Holding to opinions has a locking effect. A limiting effect. Freeing self of opinions (attitudes) allows for a releasing to be everything. To be anything. To know and feel the experience of a more divine state. Working with Dex was point critical for this.
So, while at an improved state now the full scope of the gains are yet to be validated through real world responses over much time… but so far these are coming in. Already we have the state of no self conflict. We have the state of full trust in self and others… probably especially full trust in reality. We have capability to be all things all places.
Pretty good so far!
Only working with Dex could this group of achievements have been achieved. His determination for expression of truth over the objections of persons who have countered his preference for truth in his earlier years of having to defend his “altered” techniques is the only way I could have come this far.
Courage with a love for truth a respect for truth and a love for his fellow man (woman included) clearly demonstrating a love for himself as those beings is a clear attribute of Dex.
Thank you Dex!
— Chris D.
I am still powerfully feeling the effects of our session yesterday. That realization I had, I still have chills. I know I can do what I set out to do now.

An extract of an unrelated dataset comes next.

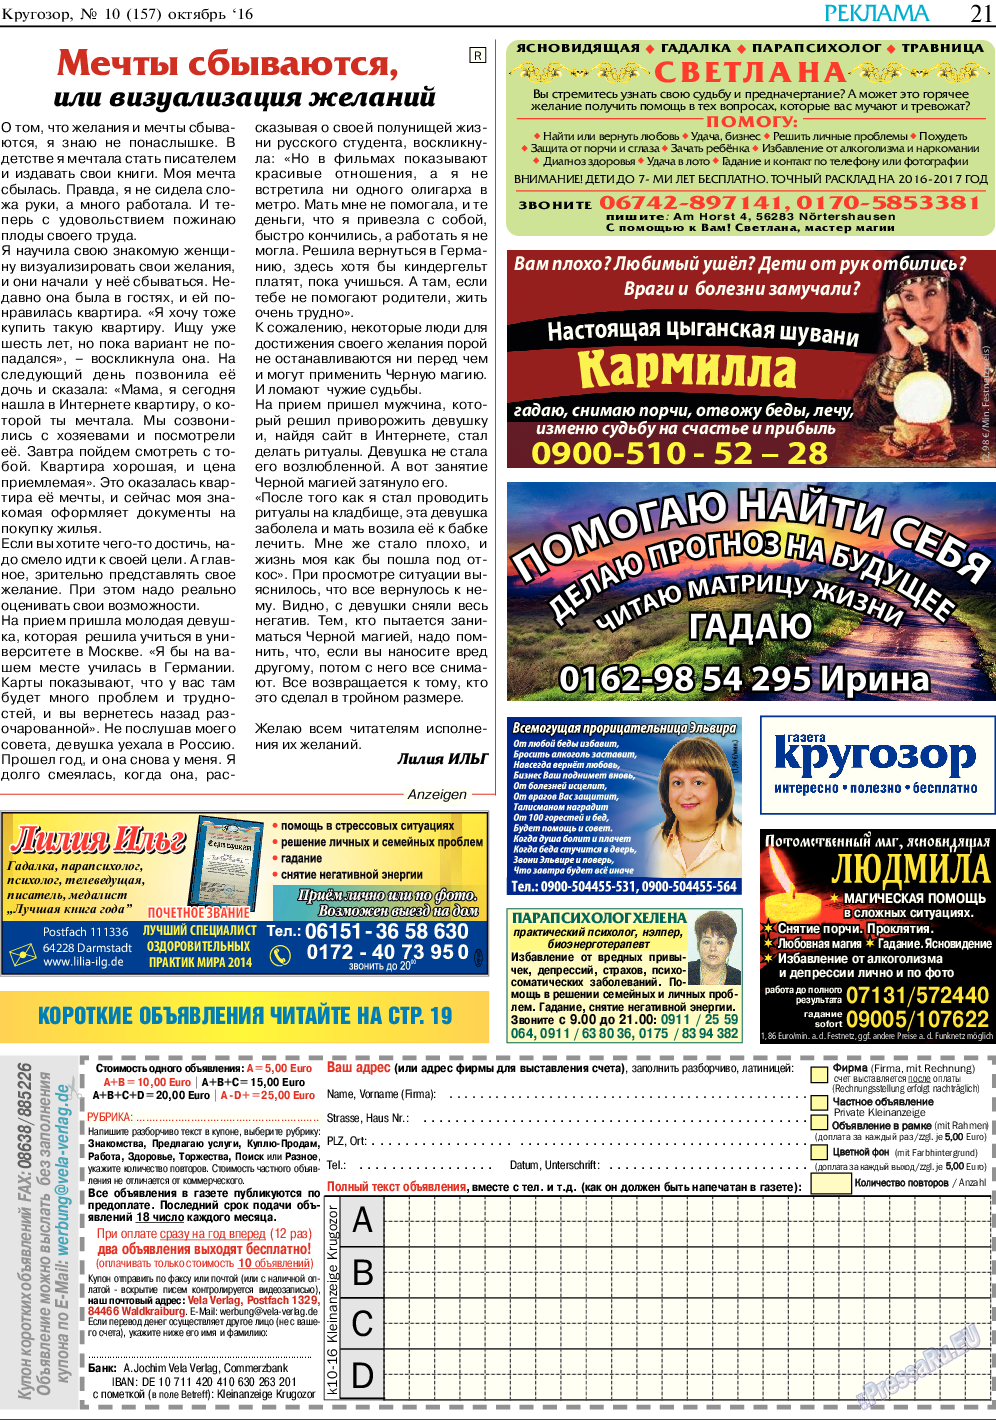 Кругозор, газета. 2016 №10 стр.21

Thank you Dex. You are amazing and I wish everyone in the world could work with you.
Why I reached out for help: To come to be able to trust me.

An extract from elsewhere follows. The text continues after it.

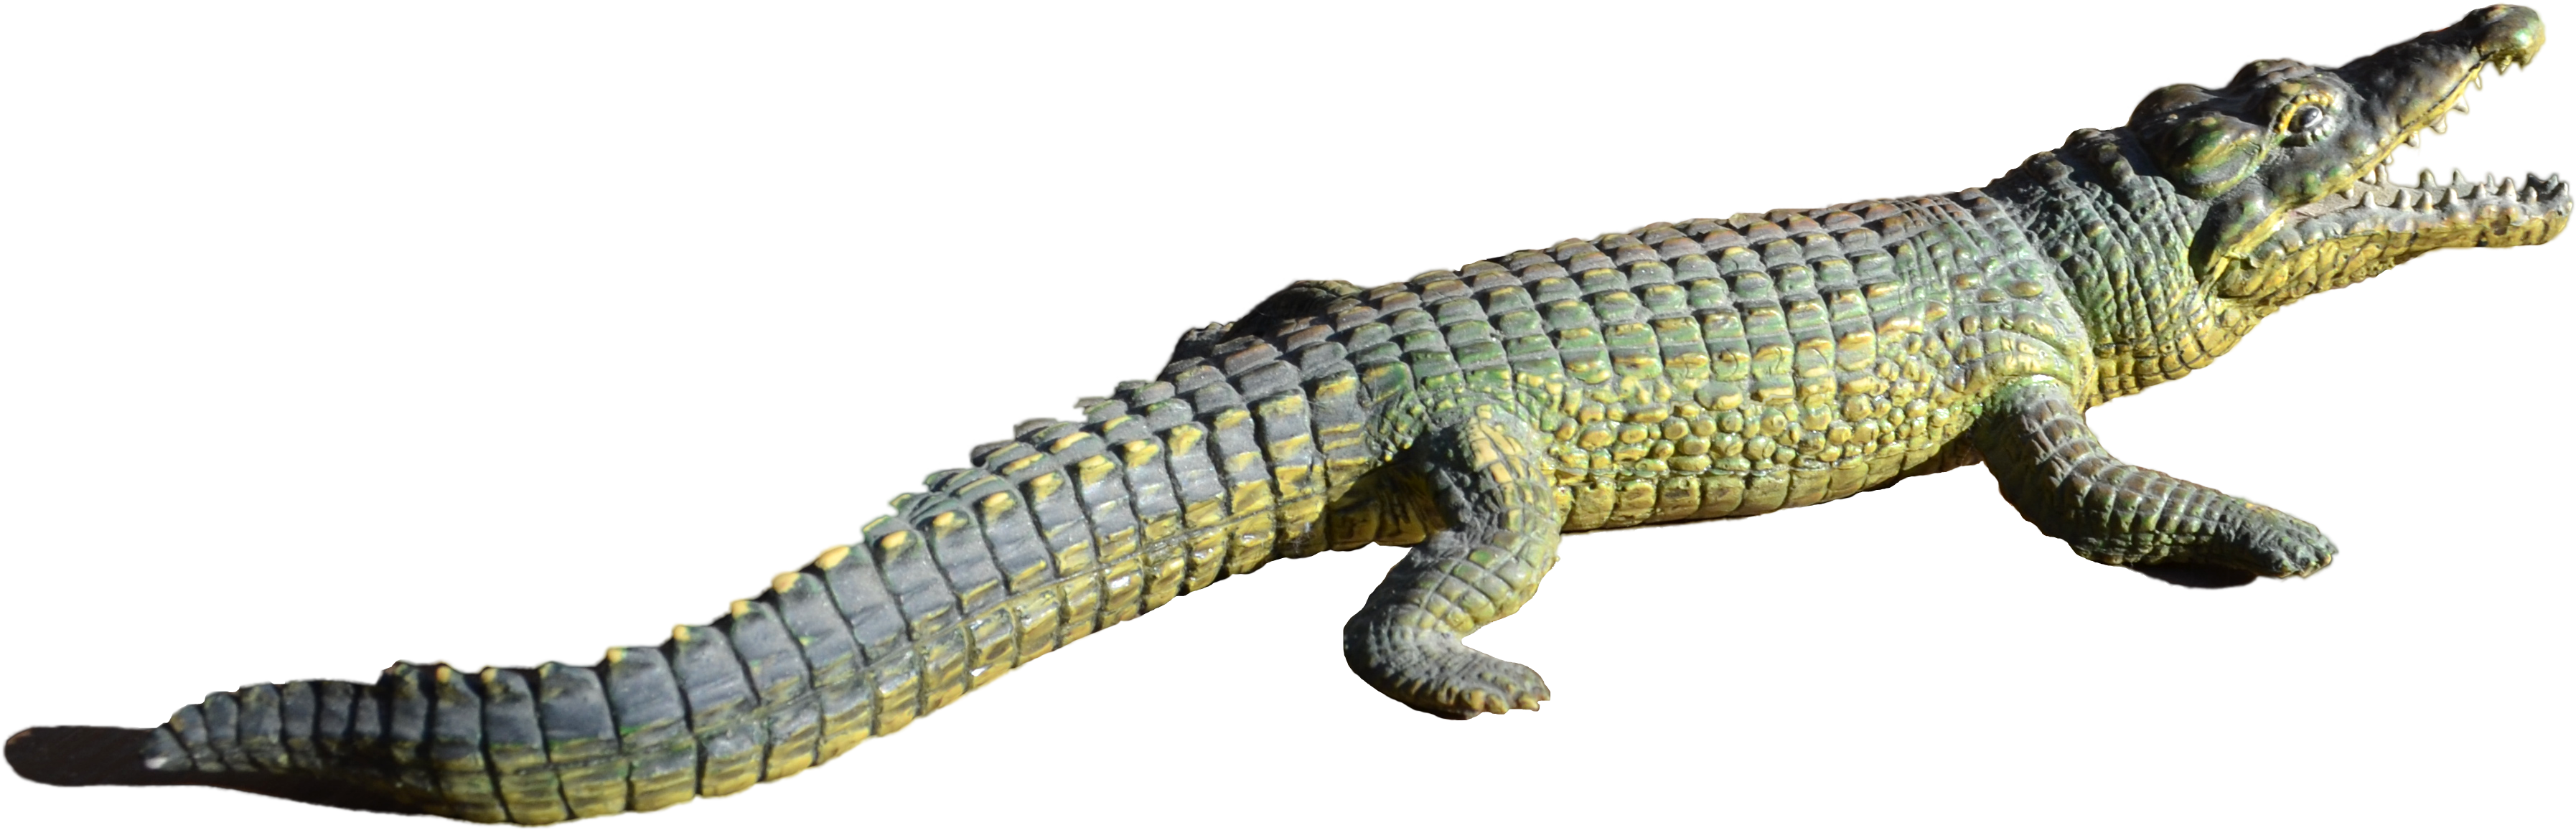 Alligator PNG Images HD

In the fairly few sessions with Dex we have resolved, handled, eliminated, illuminated, blew, understood, became responsible for, came into control of, and are a full knowingness regarding self conflict. There is no longer a self in conflict. There is me- just me.
To write more relating to this might act as a limiting thing… and could be an infinite word set.
Thank you, Dex!
— Chris D
AD has been a regular participant for over a year, she’s had great and needed changes, and she’s been remarking on how thankful she is that she could have sessions over Skype, how much better this works than to have to be in the physical presence of someone when she needs not to feel self-conscious at all about what she needs to express:
I want to share my experience of working over Skype. I’ve been working with Dex for over a year and, for many reasons, he’s by far the best counselor I’ve ever worked with. An integral part of the success of our therapeutic relationship, though, is simply due to the fact that it does not happen in person. I didn’t realize how much I’d struggled doing therapy in person until I started working with Dex; just how self conscious I felt when I had to deal with the very real presence of a person with needs of their own. I could never really relax, I could never really cry if I had to, etc. etc. because, well, there was someone sat a few feet away looking at me! And I was always in a space that was not my own. A space designed to be therapeutic but not necessarily in line with my needs.
I can express whatever I want, however I need, without having to worry about traveling after something’s shifted, without having to invest any energy into managing the reality that there’s a physical presence expressing its own energies close by. So much pressure! I always felt I had to be a good patient in some way, to show the therapist that I was transforming in front of them, that I was all ready to go by the end of the session. It was impossible for me to make progress. Working over Skype, I can choose whatever is best for me and it’s fine, it’s functional, it’s great. If I feel I can better express something if I’m not being observed, I just turn the camera away. Easy peasy! I was unsure at first working over Skype, but very quickly it became the obviously best way for me to work. And to speak to another concern I had about working over Skype: I’ve never felt worried that Dex isn’t present because he always is. Thank you, Dex!